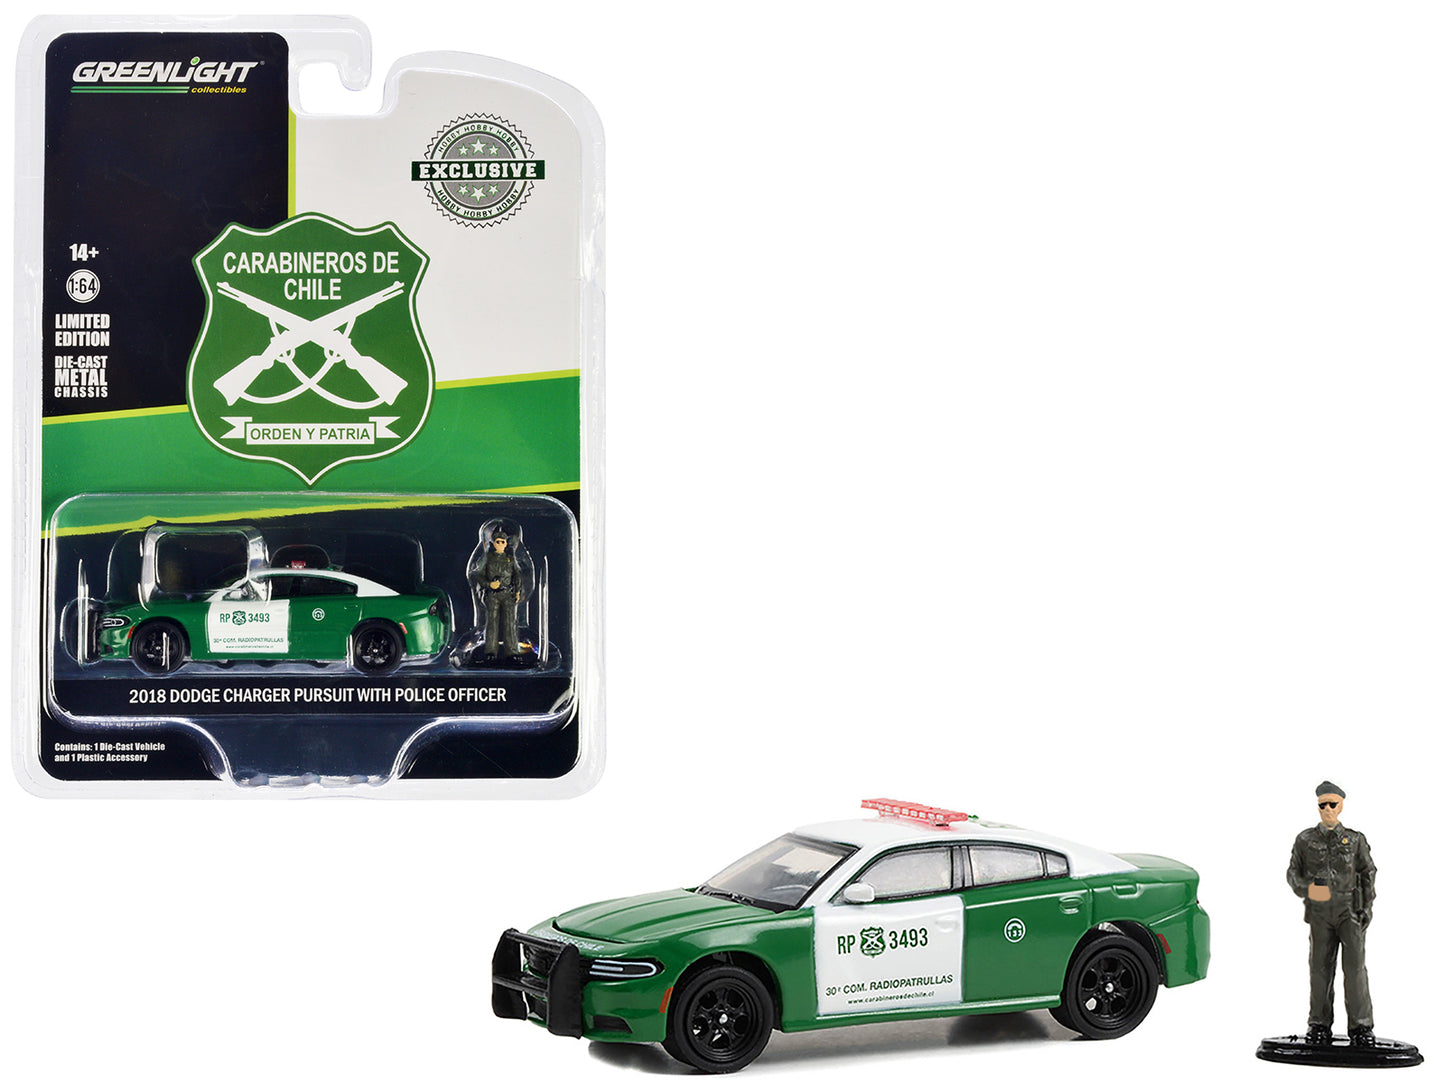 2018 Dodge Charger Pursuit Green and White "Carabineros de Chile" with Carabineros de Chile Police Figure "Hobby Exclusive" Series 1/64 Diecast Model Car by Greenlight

--

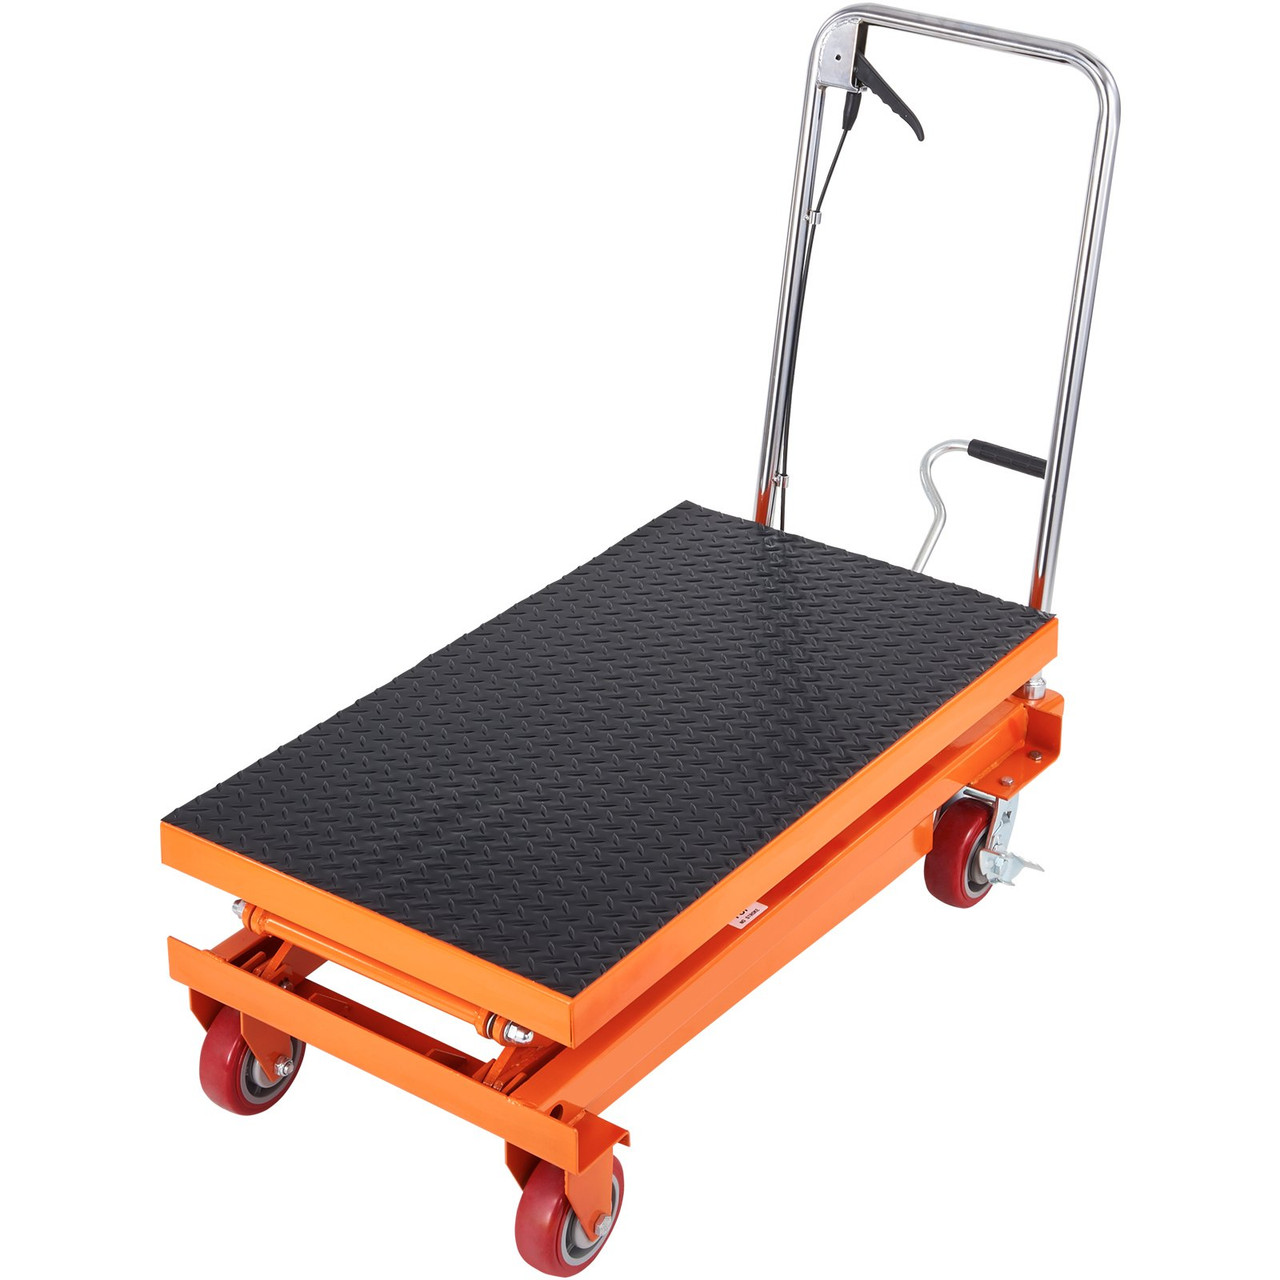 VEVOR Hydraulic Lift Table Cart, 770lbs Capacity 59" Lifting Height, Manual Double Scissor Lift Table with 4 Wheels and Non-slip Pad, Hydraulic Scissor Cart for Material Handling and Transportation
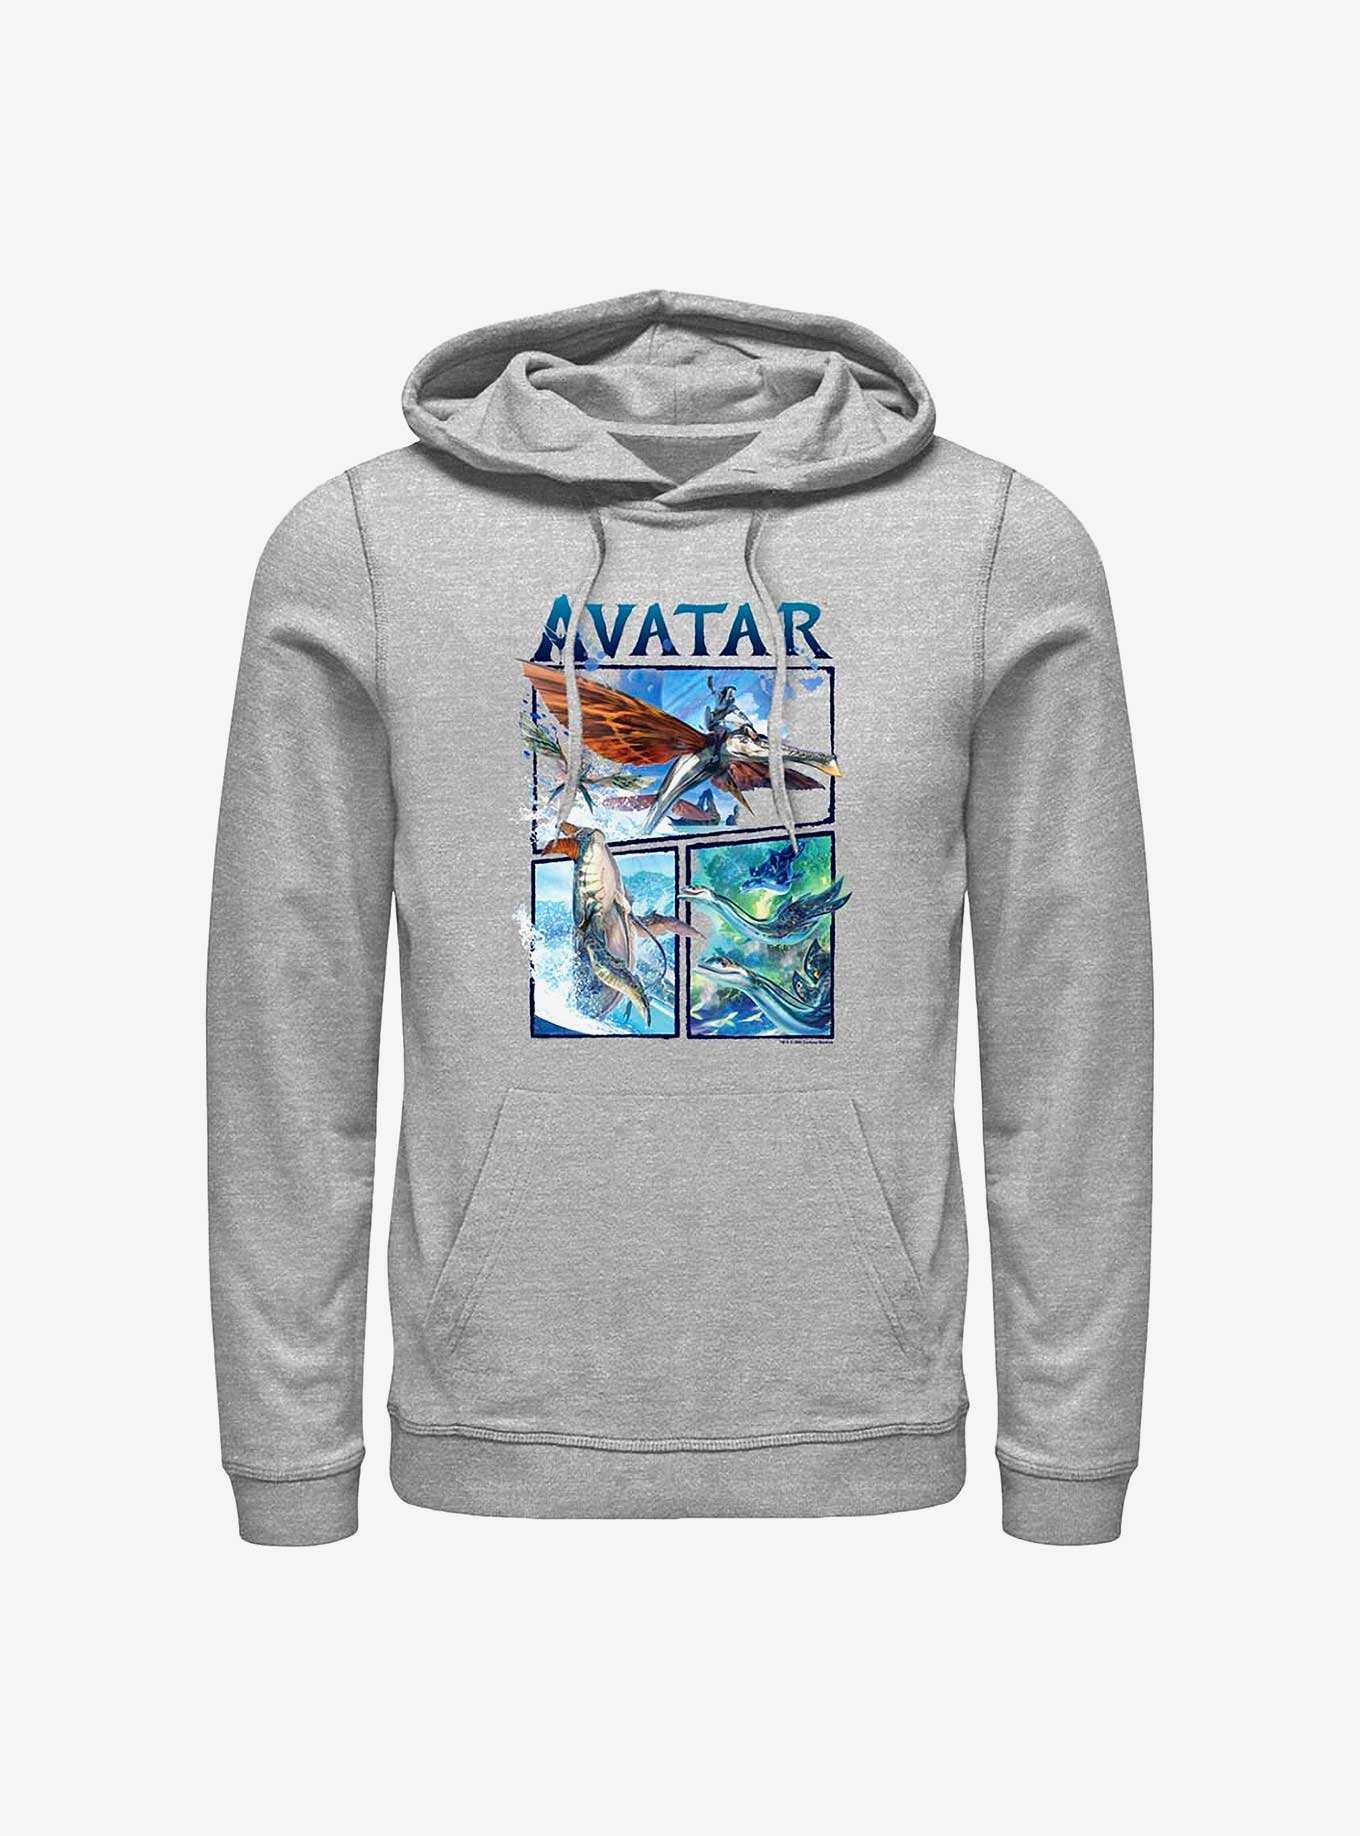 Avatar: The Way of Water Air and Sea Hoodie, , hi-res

--

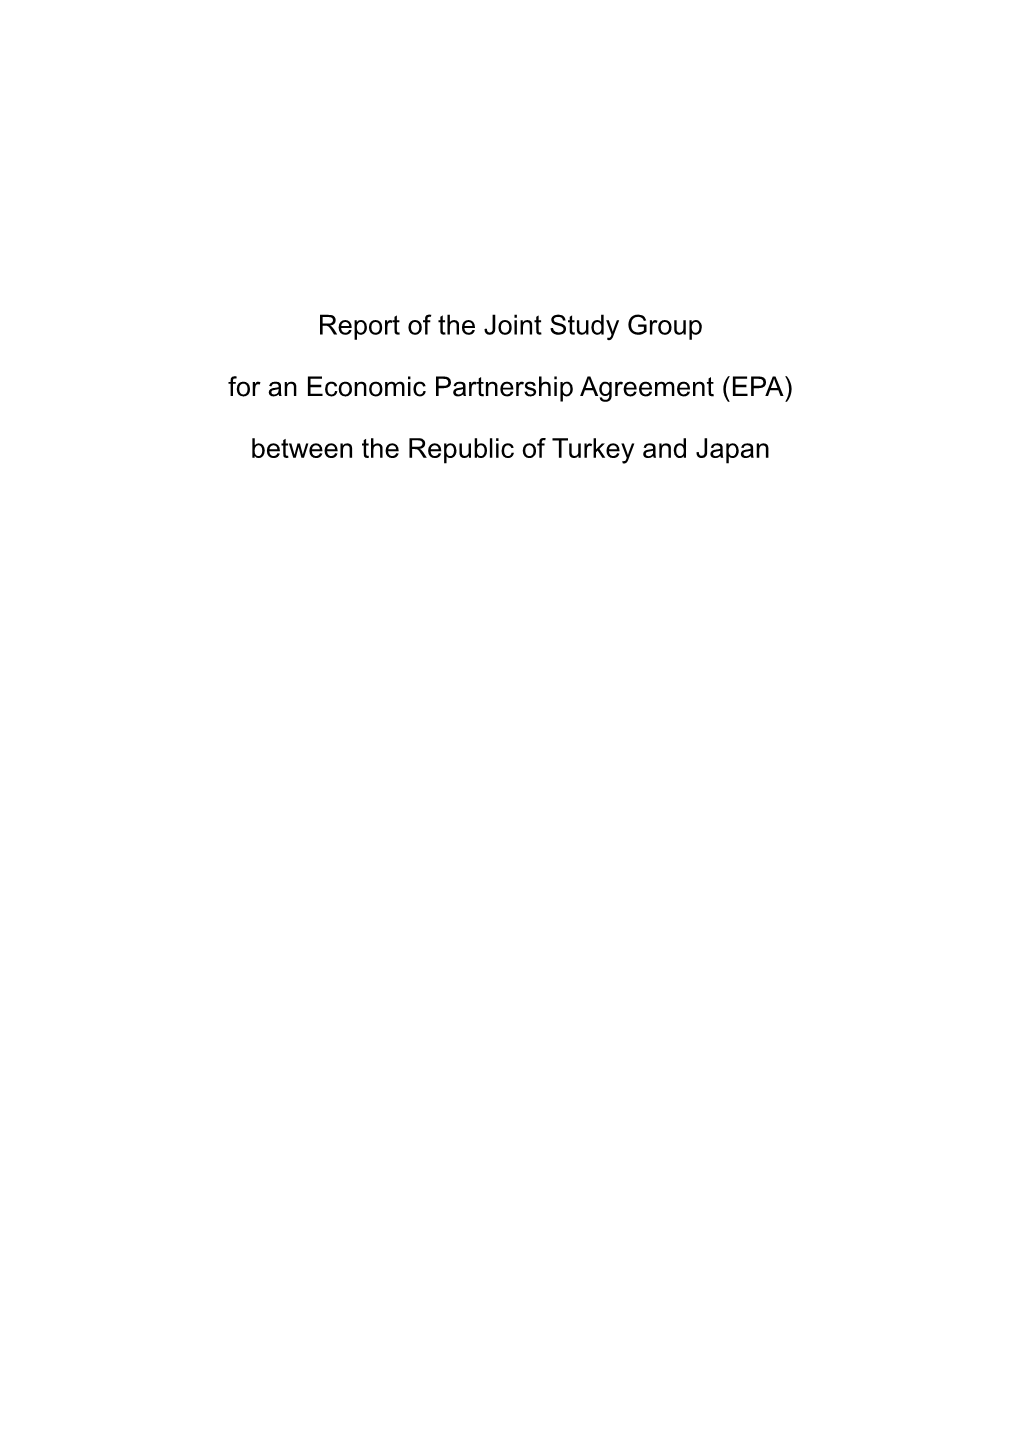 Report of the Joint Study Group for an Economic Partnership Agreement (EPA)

--

§ **AIM OF THE EXERCISE**: Using the material above, transcribe exactly the lines from the one holding "VEVOR Hydraulic Lift" to the one holding "Avatar: The Way", both ends kept. Do not carry over any pictures.

§ **ANSWER BELOW**:
 VEVOR Hydraulic Lift Table Cart, 770lbs Capacity 59" Lifting Height, Manual Double Scissor Lift Table with 4 Wheels and Non-slip Pad, Hydraulic Scissor Cart for Material Handling and Transportation
 Avatar: The Way of Water Air and Sea Hoodie, , hi-res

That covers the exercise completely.